Passada a euforia, mineiros podem enfrentar tempos difíceis

Angústia, depressão e trauma podem acometer alguns. Mais otimistas, no entanto, pensam em continuar trabalhando em minas

iG São Paulo |

Depois de passar mais de dois meses sob a terra, os 33 mineiros resgatados no Chile enfrentarão tempos difíceis nos próximos dias com angústia, pesadelos e temores, devido ao impacto emocional que lhes deixou o acidente, disse na sexta-feira o ministro da Saúde do país.

Após o sucesso da operação de resgate e dos festejos, os dias pela frente podem ser muito duros para os trabalhadores resgatados.

"Eles ainda estão metidos em uma verdadeira montanha-russa de emoções. Muitos deles terão momentos extraordinariamente difíceis e necessitarão de muita ajuda", disse o ministro da Saúde do Chile, Jaime Mañalich, em uma entrevista coletiva no hospital de Copiapó.

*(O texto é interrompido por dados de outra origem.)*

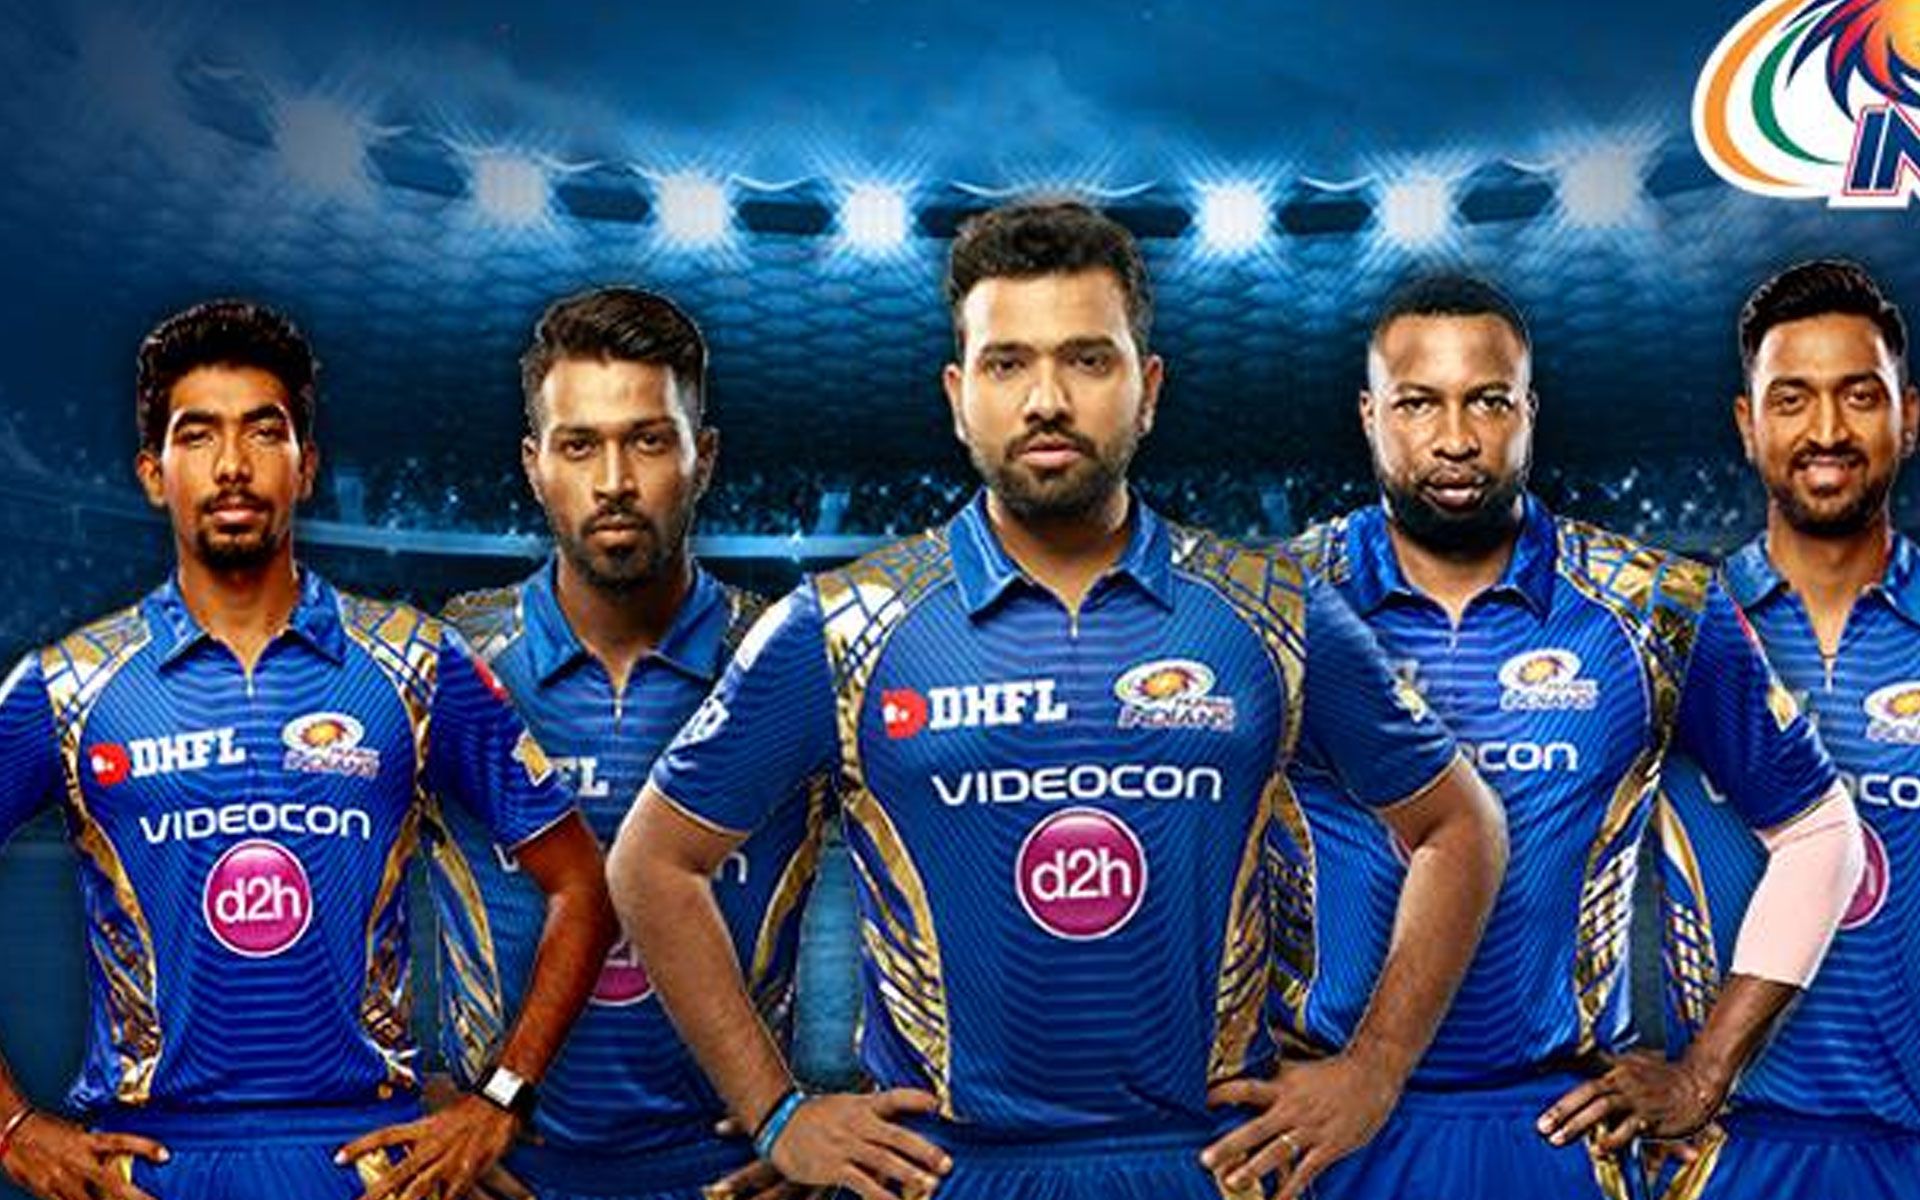 Netflix to produce unscripted series on Mumbai Indians

Segundo o ministro, um deles lhe disse que, quando despertou no hospital, não sabia onde estava."Vai ser difícil ainda obter um relato coerente deles. Eles têm de sedimentar, têm de ter angústias, têm de ter pesadelos", ressaltou Mañalich.

Persistência
Mais de dois meses presos a cerca de 700 metros de profundidade, no entanto, não foram suficientes para fazer os 33 mineiros desistirem de trabalhar com mineração. Apenas três dias depois de terem sido resgatados, alguns trabalhadores do grupo disseram que querem voltar a trabalhar na mineração.
"Eu quero voltar à mina. Sou mineiro de coração. Isso se traz no sangue", disse Alex Vega, um dos trabalhadores que fez parte da maior façanha de sobrevivência debaixo da terra no mundo.

Já o mineiro Osmán Araya disse não ter dúvidas sobre seu futuro profissional. "Não temos nada a temer. Temos de continuar trabalhando, é isso. É parte de nosso ofício", disse ao reforçar que deve voltar a trabalhar em minas assim que possível.

Condições

Segundo relatos das equipes de socorro que os libertaram, que desceram 622 metros em uma cápsula, as condições em que viviam os mineiros eram desumanas. Eles conviveram 69 dias em uma situação de extrema umidade e temperaturas de 40 graus centígrados.

O episódio levou o governo a estudar reformas nas normas de segurança para exploração de minas. Mas as autoridades admitem que obviamente não podem garantir que não ocorram mais acidentes.

Para o ministro da Saúde, não é recomendável que os trabalhadores voltem a trabalhar em uma mina. "Para alguns o retorno é totalmente imprudente", disse Mañalich em entrevista à imprensa diante do hospital.

Ele acrescentou também que é provável alguns que decidirem regressar à mineração, tenham algum tipo de crise de pânico.